Jordan's King Abdullah II named a new technocrat prime minister on Thursday after the current cabinet stepped down following Teusday's parliamentary election, a senior official said.
The king officially designated Nader Dahabi to form a new cabinet after prime minister Marouf Bakhit, who had presided over the government since November 2005, submitted his resignation, the official told AFP. "The new government will be announced Sunday and its members will be sworn in before the king," the official added.
Dahabi, 61, currently head of a special economic zone in the Red Sea port of Aqaba, served as transport minister from 2001 to 2003. He had headed Royal Jordanian airlines from 1994 to 2001, and has also served in the air force.
The development took place after the king returned from a three-way summit with President Hosni Mubarak and Palestinian leader Mahmud Abbas in the Egyptian Red Sea resort of Sharm el-Sheikh ahead of a US meeting on Middle East peace next week.

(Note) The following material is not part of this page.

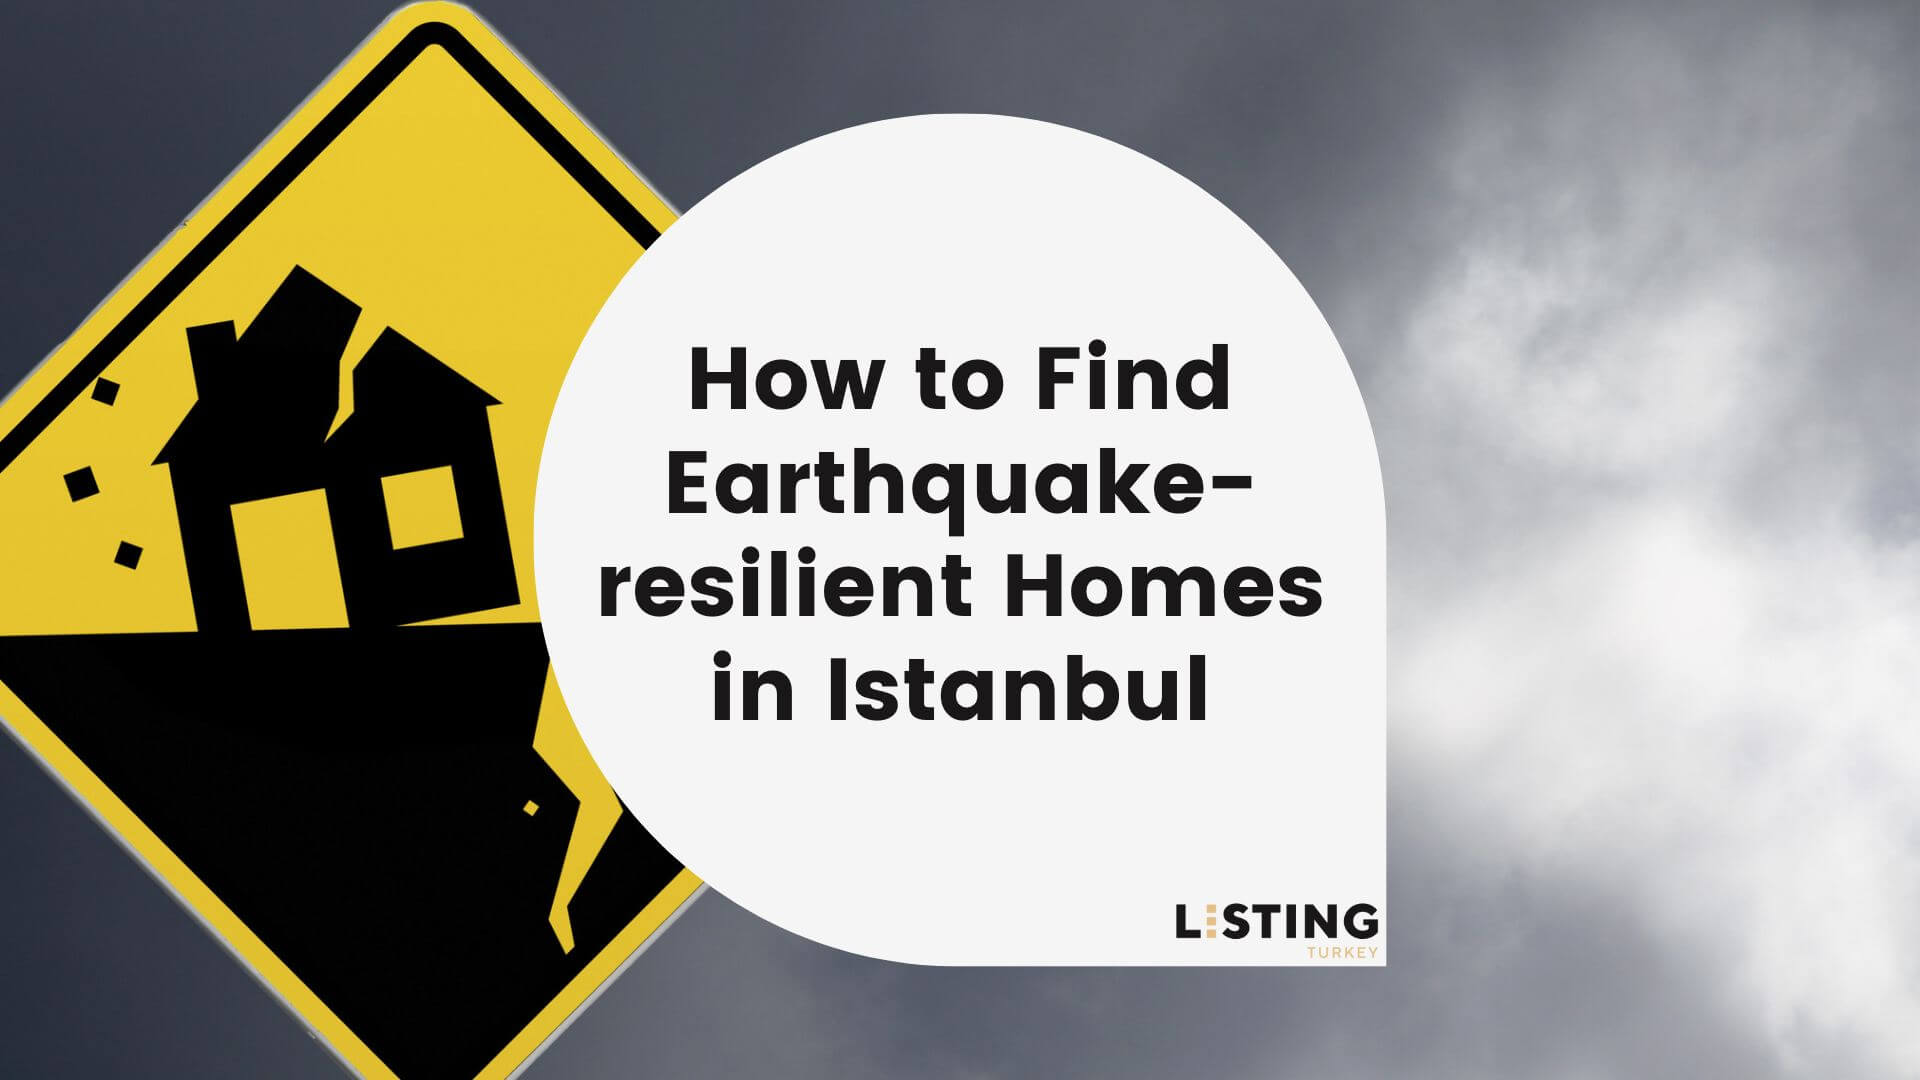 How to Find Earthquake-resilient Homes in Istanbul

During the discussion, Mubarak and the king affirmed their "full support to the Palestinian position that calls for discussing the issues of final solution which will lead to establishing an independent and livable Palestinian state within a timetable," Petra news agency reported.
The Jordanian-Egyptian-Palestinian trilateral summit, which was held concurrently with meeting of the Arab Foreign Ministers for the same purpose, affirmed the "necessity of coordinating the Arab stands," the news agency added.
The Jordanian king urged Israel to enter into serious negotiations and "to adopt positive attitudes that help to reach a lasting and comprehensive peace in the region, stressing the importance of dealing with the Syrian and Lebanese tracks, especially the issue of the occupied Golan."